Keine Macht dem Faktischen!

Bei diesem Beitrag handelt es sich um ein Blog aus der Freitag-Community.
Ihre Freitag-Redaktion

Zu kurz gedacht, liebe Netzlibertäre - 6

Das Internetzeitalter hat begonnen, die ersten politikfähigen Utopien zu gebären. Perplex macht es mich allerdings, wenn Leute, die erst kurz vor der Öffnung des Internets geboren wurden, schon ganz frühergraut illusionslos die technischen Entwicklungen, in die sie hineingewachsen sind, für schlicht gegeben halten und sich dem scheinbar Unvermeidlichen dreingeben.

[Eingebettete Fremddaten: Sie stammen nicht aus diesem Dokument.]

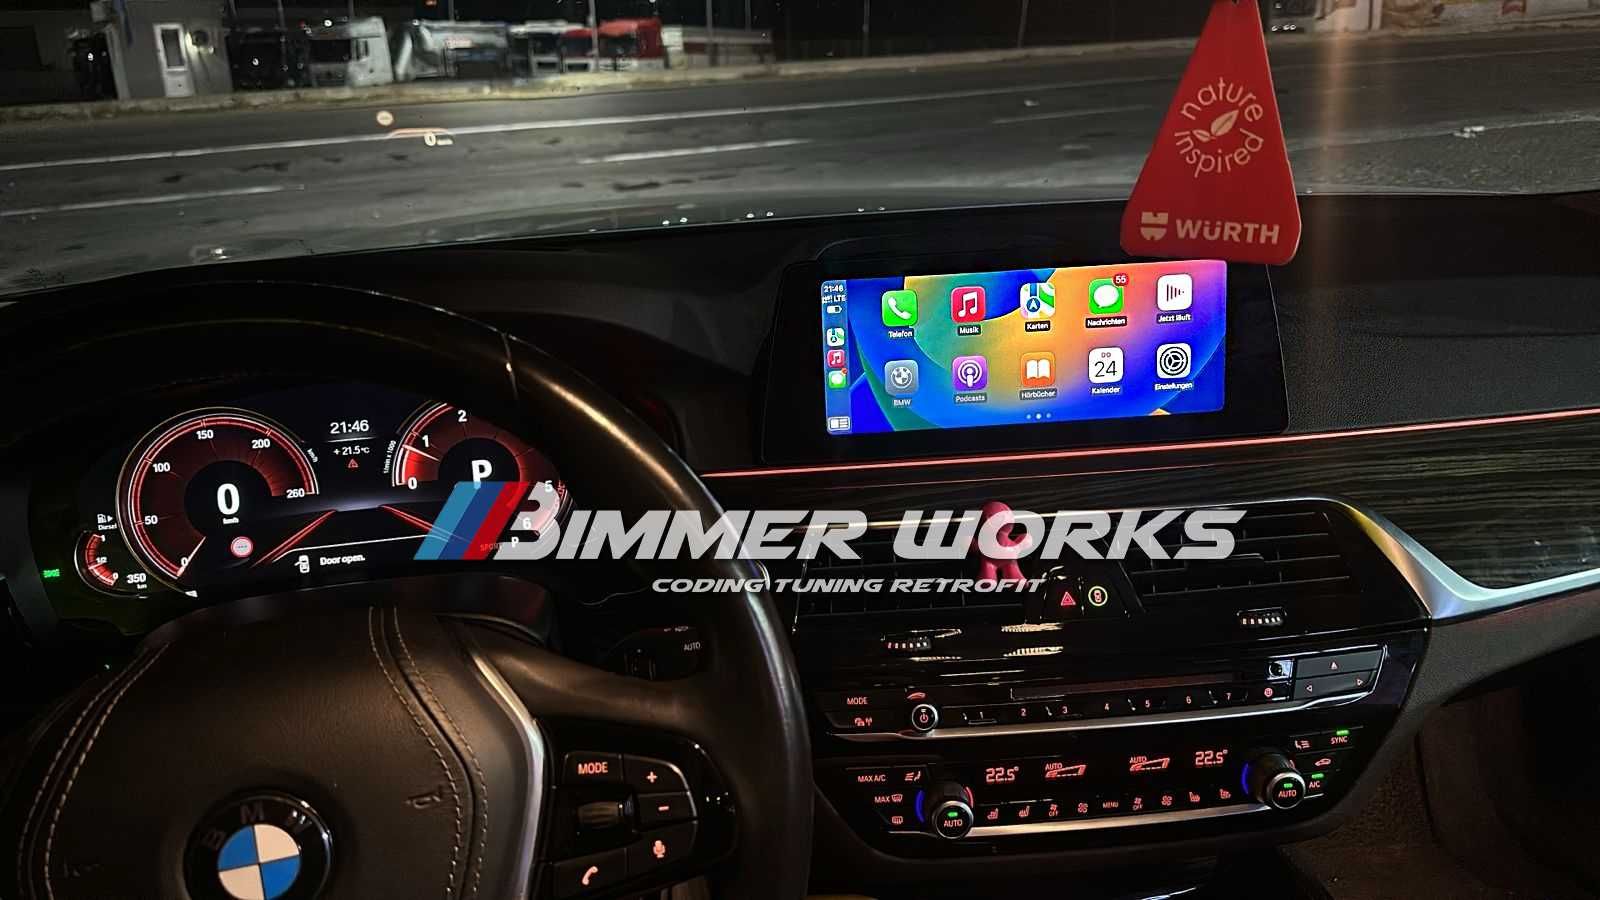 Android Auto , Apple Carplay Activare Mercedes Benz BMW

„Datenschutz ist im Netz nicht mehr möglich“, behauptet zum Beispiel die datenschutzkritische Spackeria. Das Web ist eben wie es ist, also müssen wir jetzt alle damit klarkommen. Für mich ist der Grundgedanke dahinter abstrus. Der Mensch soll sich seiner eigenen Technik anpassen, weil: geht halt nicht anders. Wir sollen einen Teil unserer Gestaltungsfähigkeit abgeben, weil die Artefakte, die wir bis dato noch selbst gestaltet haben, uns plötzlich als Sachzwang begegnen. Das ist entweder Ideologie oder vorschneller Fatalismus.

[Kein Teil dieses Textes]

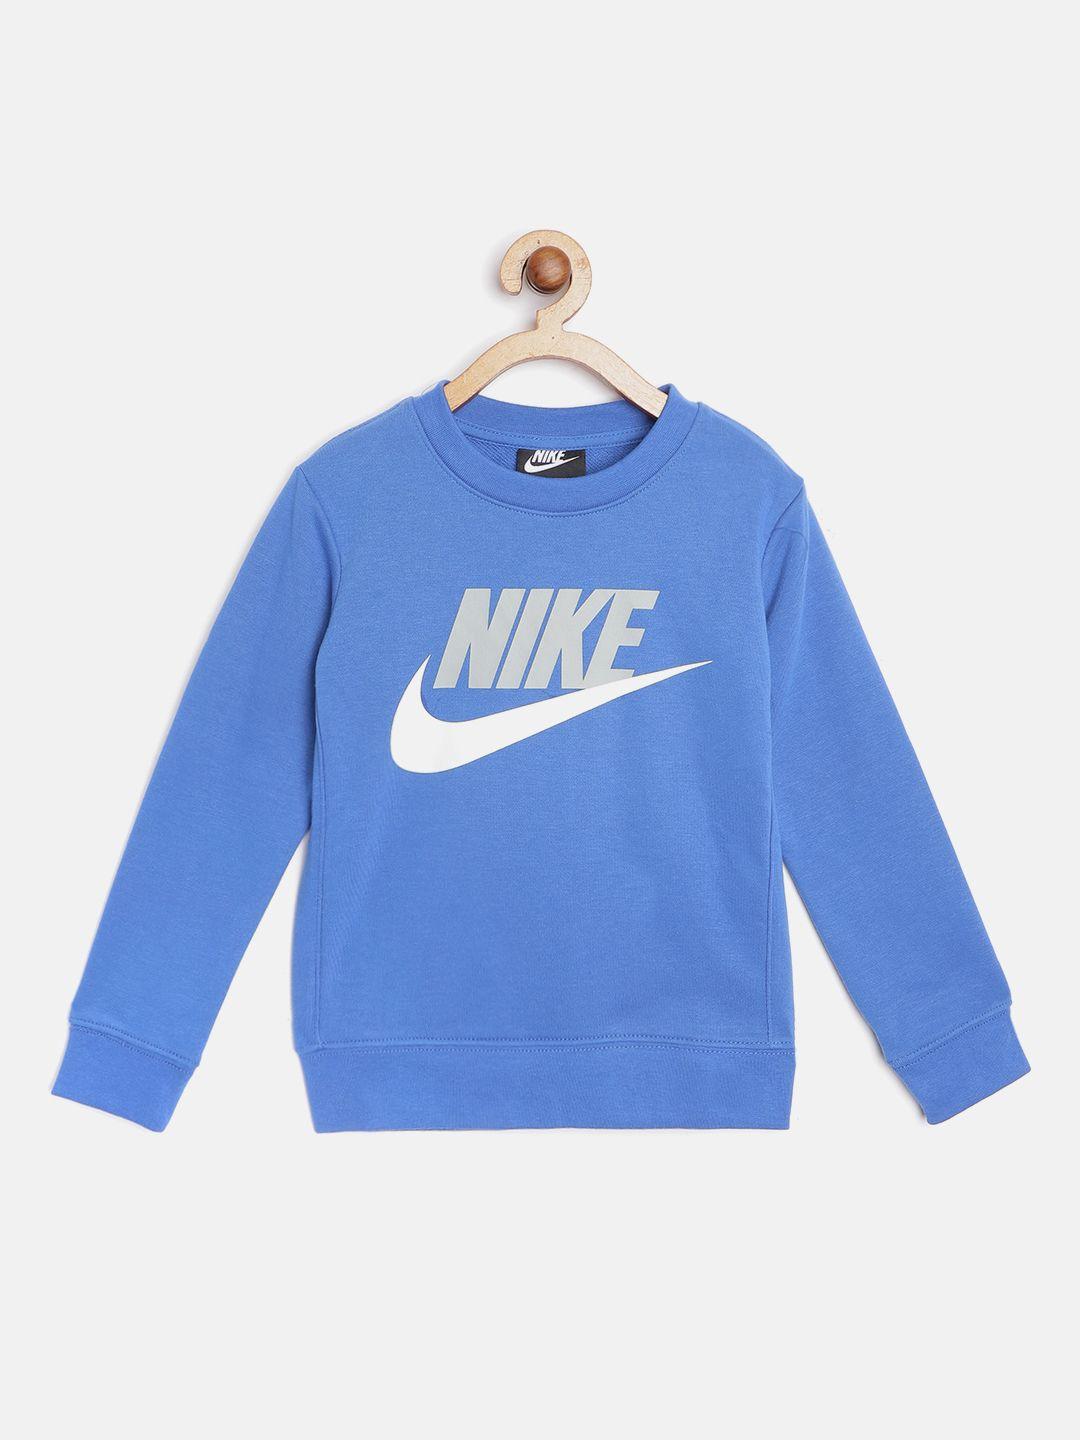 nike boys blue & grey brand logo print club hbr ft hoodie sweatshirt

Die Argumentation zum Urheberschutz im Grundsatzprogramm der Piratenpartei lautet ganz ähnlich: „Da sich die Kopierbarkeit von digital vorliegenden Werken technisch nicht sinnvoll einschränken lässt ..., sollten die Chancen der allgemeinen Verfügbarkeit von Werken erkannt und genutzt werden“. Wie die allgemeine Verfügbarkeit von kulturellen Werken im Detail aussehen kann, ist noch Verhandlungssache. Die Ausgangsbedingung ist es, die mich stutzig macht. Die Piraten „leiten viele ihrer Forderungen aus den technischen Gegebenheiten des Netzes ab“, die für sie „wie Naturgesetze stehen“, sagt Christopher Lauer, kulturpolitischer Sprecher der Piraten-Fraktion im Berliner Parlament, im Spiegel-Interview vom 16. April 2012. Dass ein Kotau vor dem Faktischen im Urheberrechtsprogramm als Ausgangsbedingung steht, widerspricht dem politischen Gestaltungswillen, den die Piraten sonst an den Tag legen, und den ich sehr respektabel finde.

Es mag sein, dass sich die Kopierbarkeit von digitalem Content technisch nicht effektiv einschränken lässt. Es mag aber auch sein, dass von Nutzungsfreiheiten, wenn sie einmal eingeräumt werden, im Übermaß gebraucht gemacht werden wird. Übermaß meint hier, dass die Nutzer eher ohne Gegenleistung auf den Content zugreifen werden, die Hersteller also weniger Einkommen haben werden. Brechen die Dämme des Urheberschutzes, kann Fairness nicht mehr eingefordert werden. Wenn wir schon von „Naturgesetzen“ sprechen, dann sollten wir auch die Entropie des Libertären in den Blick nehmen, ein altes Problem der liberalen Weltsicht, die gerne übersieht, dass der Entropie bisweilen aktiv etwas entgegengesetzt werden muss, weil sie sonst Ungleichheit und Ungerechtigkeit ausweitet.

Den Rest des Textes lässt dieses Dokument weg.